Find many great new & used options and get the best deals for 5PCS Audio Amplifier IC HOLTEK DIP-18 HT8950 at the best online prices at eBay! Free shipping for many products!



					www.ebay.com
				



How would I go about testing the HT8950?
Here are some pics. I would me happy to share the decal I made if anyone wants me to sent it their way.
Thanks!
Greg


----------



## Mcknib (Jun 18, 2020)

At a quick glance

Possibly your DC jack shorting on the bare metal of the enclosure is the DC jack all plastic? it's hard to tell if that's metal, do you get 9v to the pcb

or from the ppcb wiki might be your tip connection


----------



## Vildhjuggah (Jun 18, 2020)

quite a few spots that could use some more solder it seems, at least from the visible side


----------



## ChunkyKarma (Jun 19, 2020)

Thanks for the replies. I will check those.


----------



## ChunkyKarma (Jun 19, 2020)

Mcknib said:


> At a quick glance
> 
> Possibly your DC jack shorting on the bare metal of the enclosure is the DC jack all plastic? it's hard to tell if that's metal, do you get 9v to the pcb
> 
> ...


It's a metal enclosure. Bypass works fine and the issue was the same when I took everything out of the enclosure. The jack I have in it is just like in your picture: ground to "sleeve" -  in and out from the footswitch to "tip".


----------



## Robert (Jun 19, 2020)

Does the LED light when the pedal is active?    If so you can eliminate the DC jack as the problem.

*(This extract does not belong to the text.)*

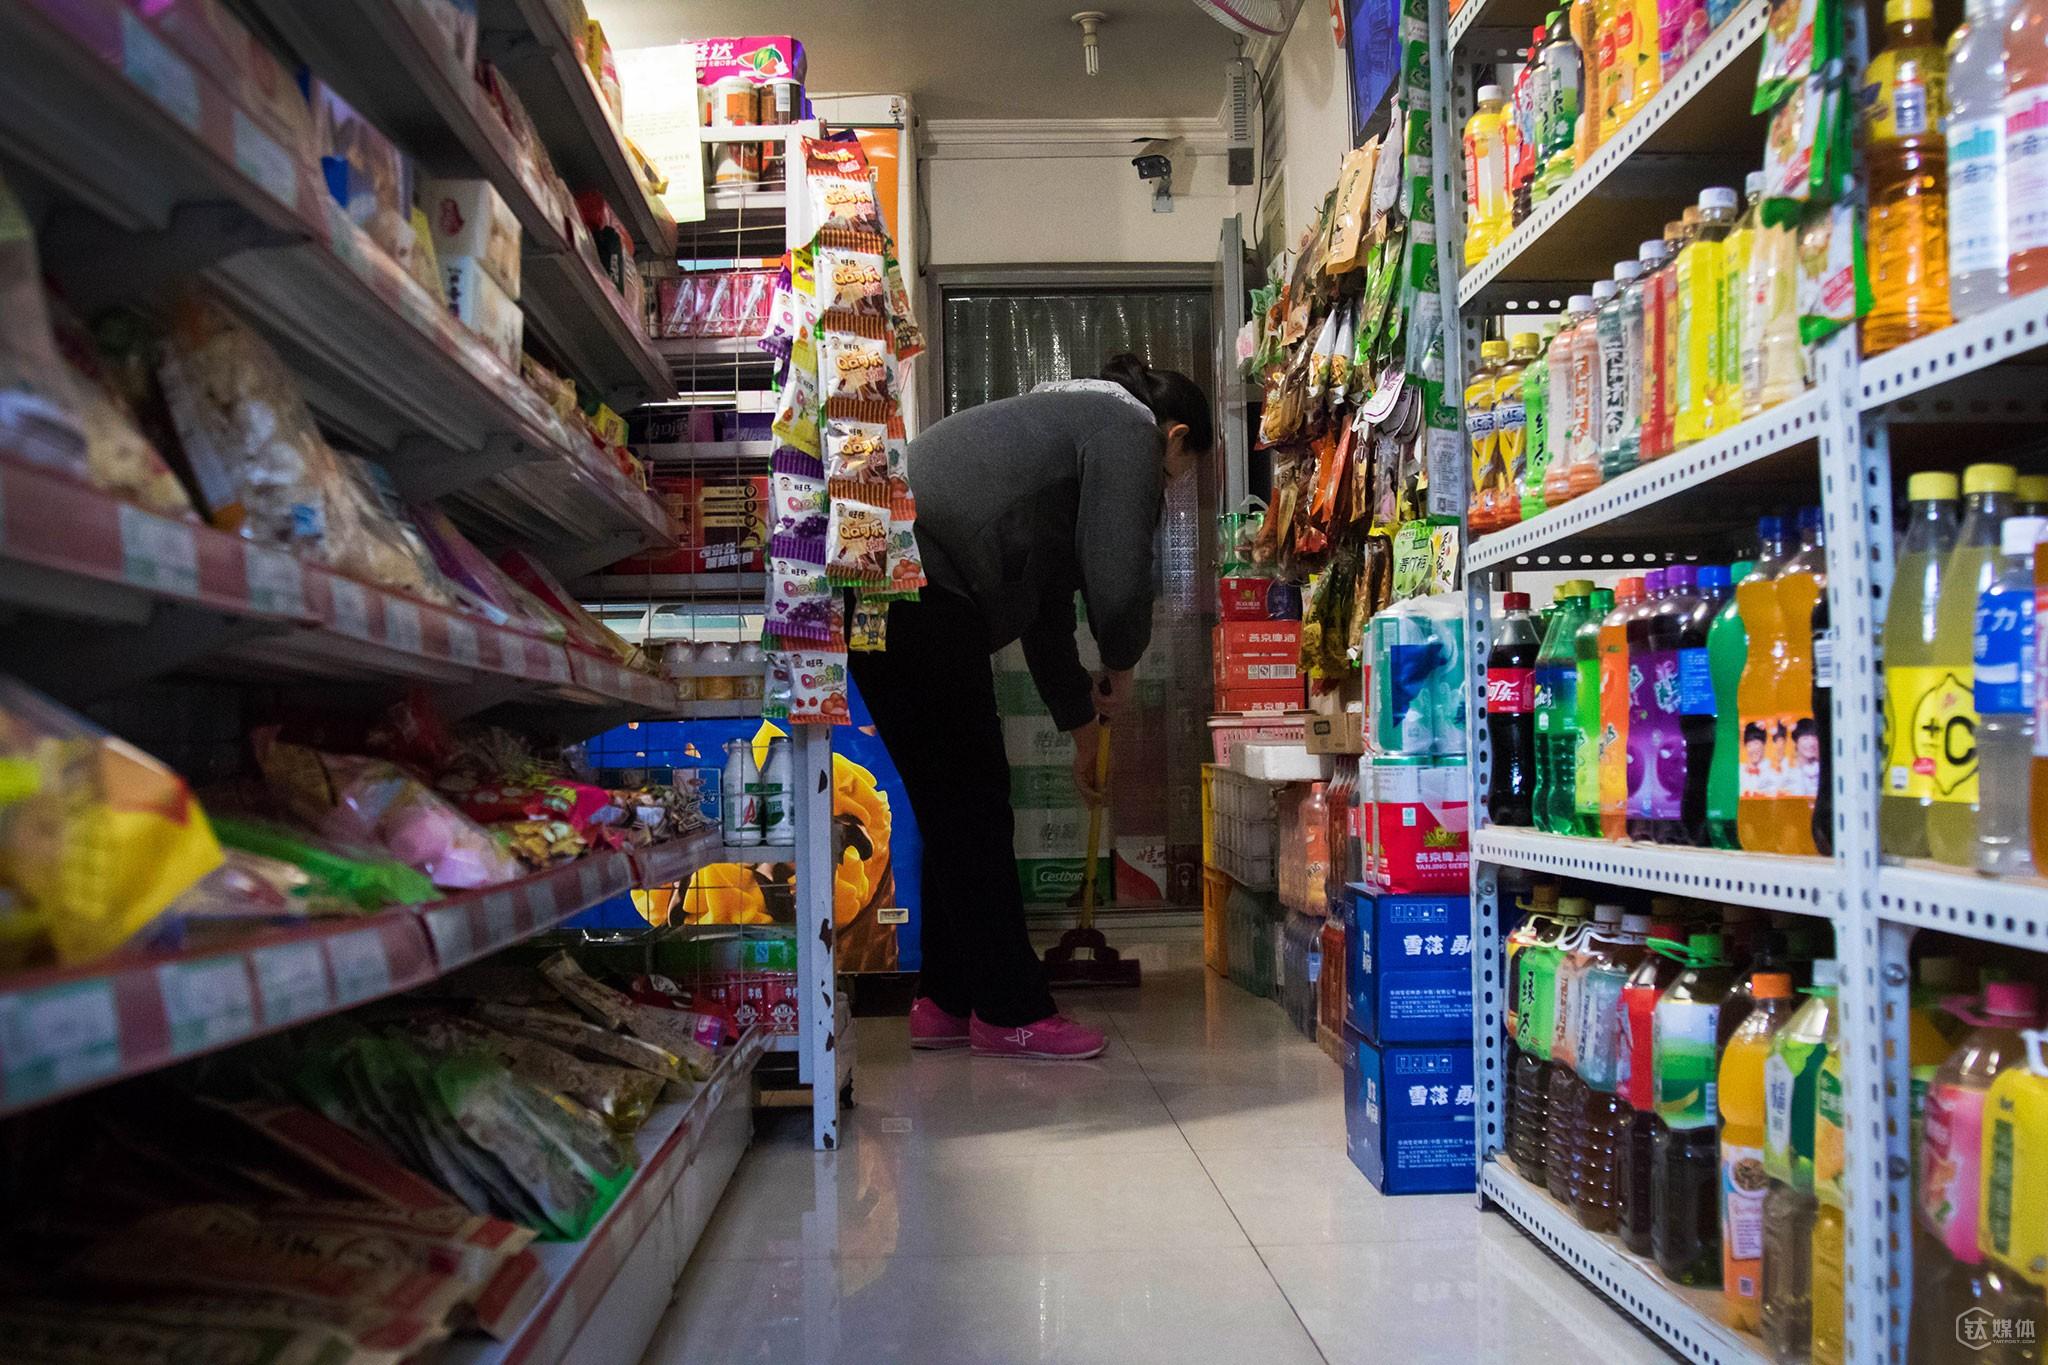 2016年1月15日上午9点半,店主张慧(化名)开始打扫店内卫生。这是一套70平米的两居室,张慧和丈夫唐元(化名)将房子格局稍作改动之后,在这里开起了便利店,小店主要卖饮料、零食、烟酒、简单的生活用品等。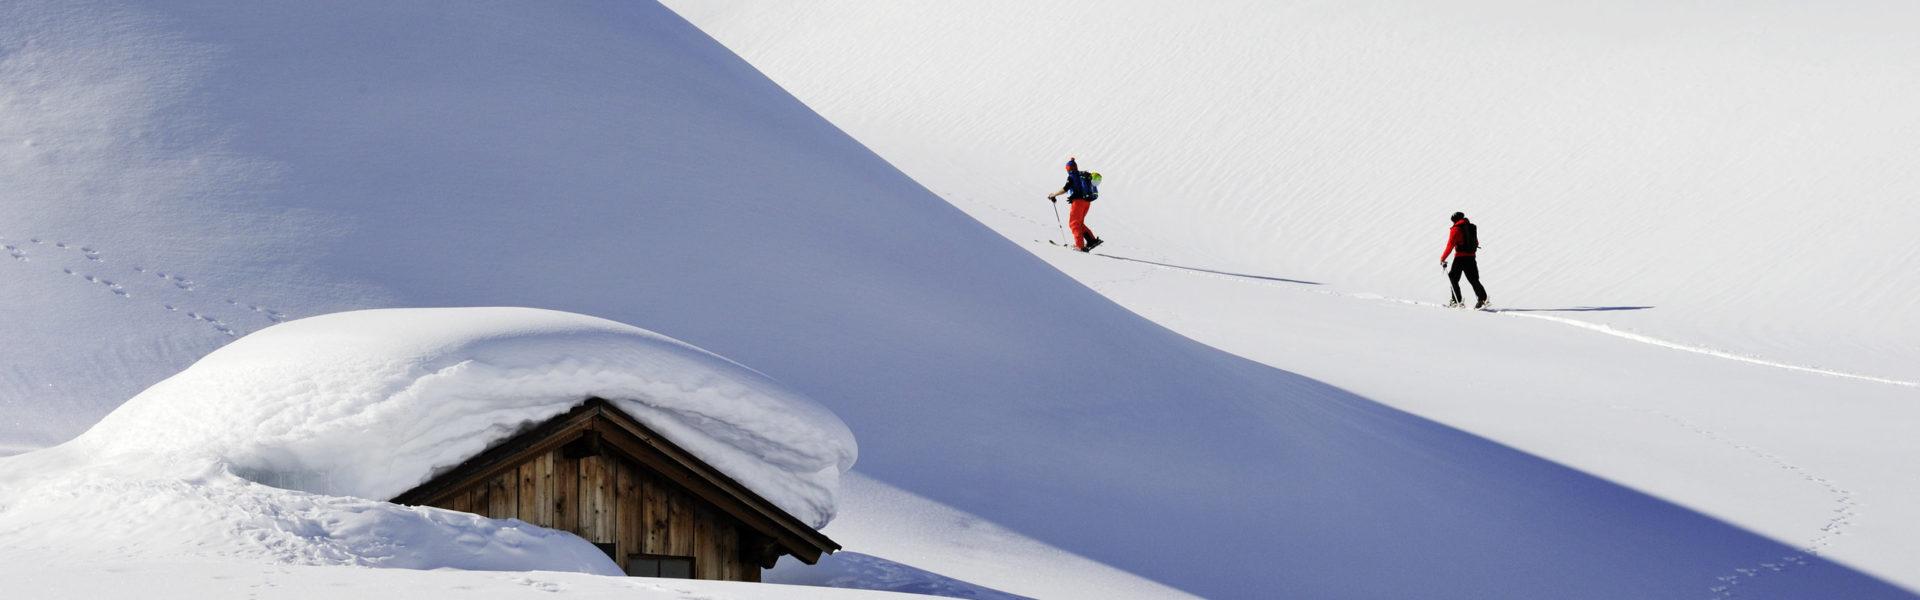 Skitour am Arlberg (c) Vorarlberg Tourismus

First make sure you have 3.3V on pin 7 of the HT8950.

If you have an audio probe check for audio on pins 6 and 9 of the HT8950 IC.   If you have audio on pin 6 but not pin 9 I would suspect the HT8950.

I don't recall any cases of those being fakes so far, but they _are_ getting rare so it's bound to happen.


----------



## ChunkyKarma (Jun 19, 2020)

The LED does light up when engaged. I will check the measurements on those pins. Thanks for the help!


----------



## ChunkyKarma (Jul 11, 2020)

So I finally had a chance to check out everything suggested - zero voltage on pin 7 and no audio on pin 6 or 9 of the HT8950. Nothing on any pin for that matter. Should I get out my solder sucker and recite the mantra "I will never install another IC without a socket" 100 times or is there something else I should check?


----------



## Mcknib (Jul 11, 2020)

If you haven't already I'd trace the 3.3v supply back before you decide the chips trashed make sure it's getting voltage to it

Check your L78L33 is putting out the correct voltage and check all the 3.3v points on the schematic 

Either you're extremely unlucky with dry joints or it's the same thing with both builds hopefully two cheap dodgy regulators rather than the chips  

The values I can see etc look correct


----------



## zgrav (Jul 11, 2020)

no audio on pin 6 suggests you need to use your audio probe to see where your audio stops.  do you have audio on pin 1 of IC1?   In you do not, do you have audio on IC1 pin 2?    If audio is not getting out of IC1, check the power and grounds for that IC.  If you have audio on IC1 pin 1,  follow the schematic for the path between IC1 pin 1 and pin 6 on the HT8950.


----------



## ChunkyKarma (Jul 11, 2020)

Thanks for all the tips. I will check everything that's been suggested.


----------